Um Amor das Antigas (apenas um relato real)

Hoje eu estava em um restaurante onde fui almoçar sozinha, e sempre aproveito esses momentos para apreciar a vida à minha volta. Em momentos assim, sou apenas platéia quase incógnita a ver vida a se apresentar. Nesse palco de um show diário, algumas cenas chamam minha atenção. Nesta ocasião, observei que um homem que aparentava já ter vivido umas 80 primaveras, havia colocado seu prato sobre a mesa, mas não se sentou. Achei curioso, e sendo visível que aguardava alguém, flanei meus olhos pelo salão buscando identificar quem seria. Por um instante não pude perceber nenhum movimento que denunciasse a razão daquela espera. Voltei meus olhos para ele, e vi que fitava o chão, colocava as mãos nos bolsos, observava o prato com a comida escolhida, e sem demonstrar nenhuma impaciência, simplesmente aguardava.

De repente, o vi esboçar um sorriso, não apenas com os lábios, mas seus olhos sorriam junto. Seu rosto se iluminou sem receios, e seu olhar me indicou a direção certa. Pude ver que do outro lado, vinha uma linda figura frágil, com passos curtos e lentos, e aquela delicadeza delatava seus anos vividos. Ao vê-la se aproximando da mesa, ele deu a volta e puxou a cadeira para ela, que agradeceu com um carinho em suas mãos. Ele então retornou ao seu lugar de antes, e finalmente se sentou e começaram a comer.

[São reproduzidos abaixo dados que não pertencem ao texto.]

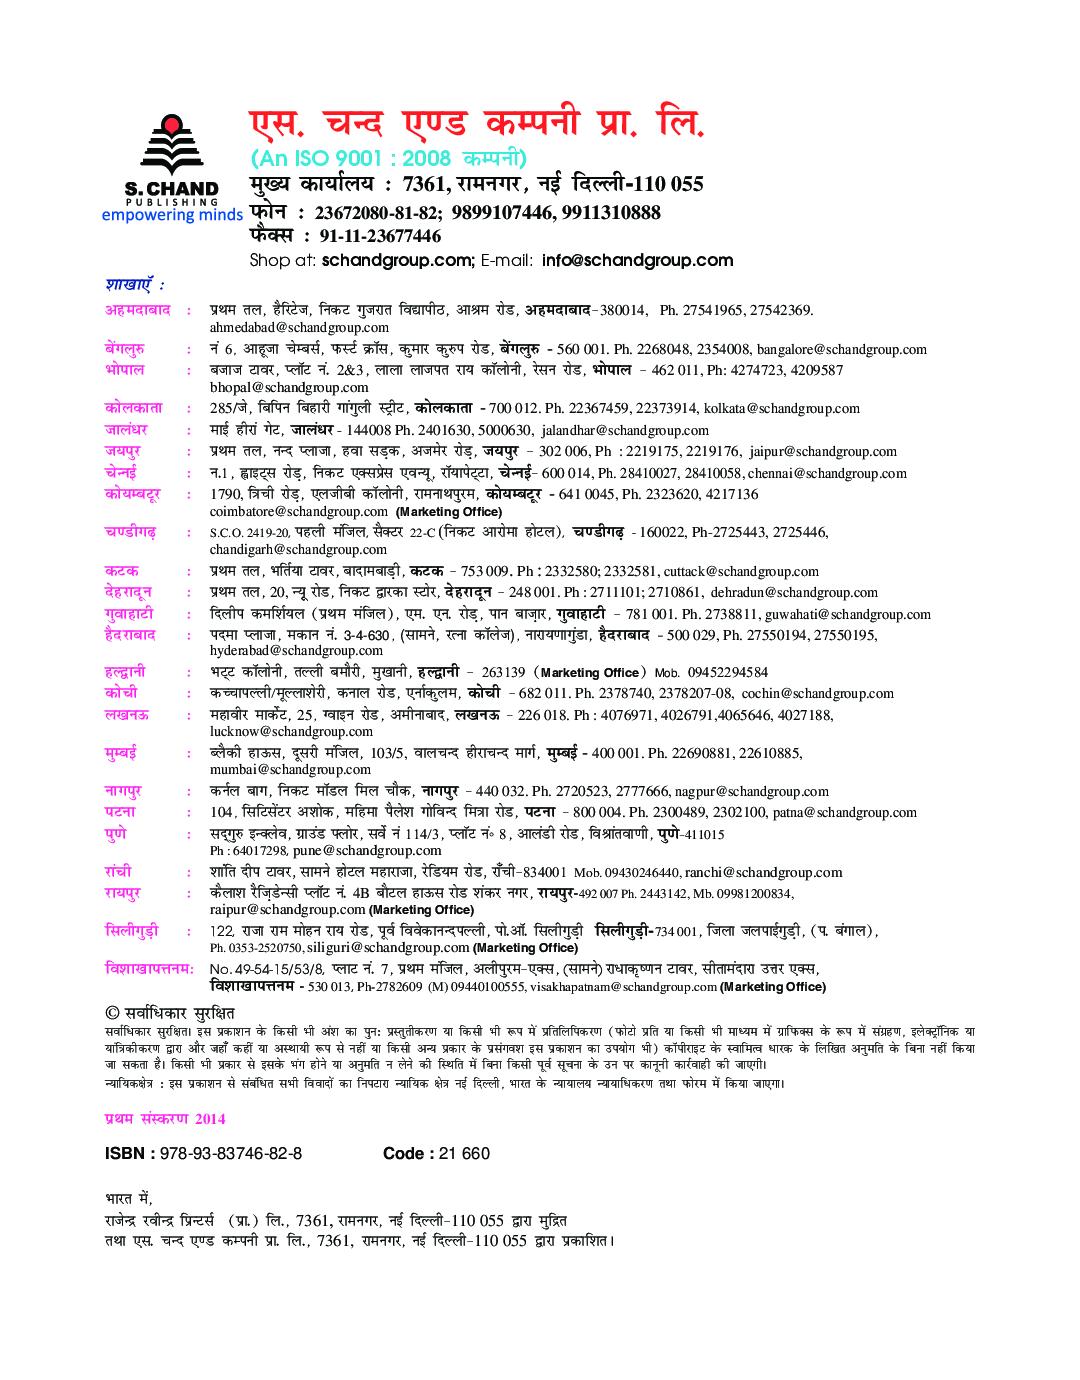 इंद्रधनुष हिंदी पाठमाला प्रवेशिका - 2 - Page 3

Confesso que tudo que estava ali nas entrelinhas, me emocionou e mexeu com minha imaginação. Peguei-me imaginando há quanto tempo eles estariam juntos. Haveriam se encontrado já na idade madura? Será que foi o primeiro amor um do outro? Tentei supor as tempestades as quais sobreviveram... E o que, meu Deus, teriam feito durante anos de relacionamento para que nunca morressem o carinho e a delicadeza?!
Ao despertar do meu transe, lembrei como as relações de hoje são construídas sem base, em solo árido, sem cultivo, de como qualquer brisa abala as estruturas tão mal erguidas em mentes deturpadas e corações vazios. Em que momento decidimos mascarar sentimentos passageiros e os batizarmos de amor, e transformamos o vazio do depois no habitual a ser vivido? Quando se tornou dispensável lutar pelo que já foi construído? E quando, por favor me digam... Quando foi que cegamos para as consequências do egoísmo e do abandono?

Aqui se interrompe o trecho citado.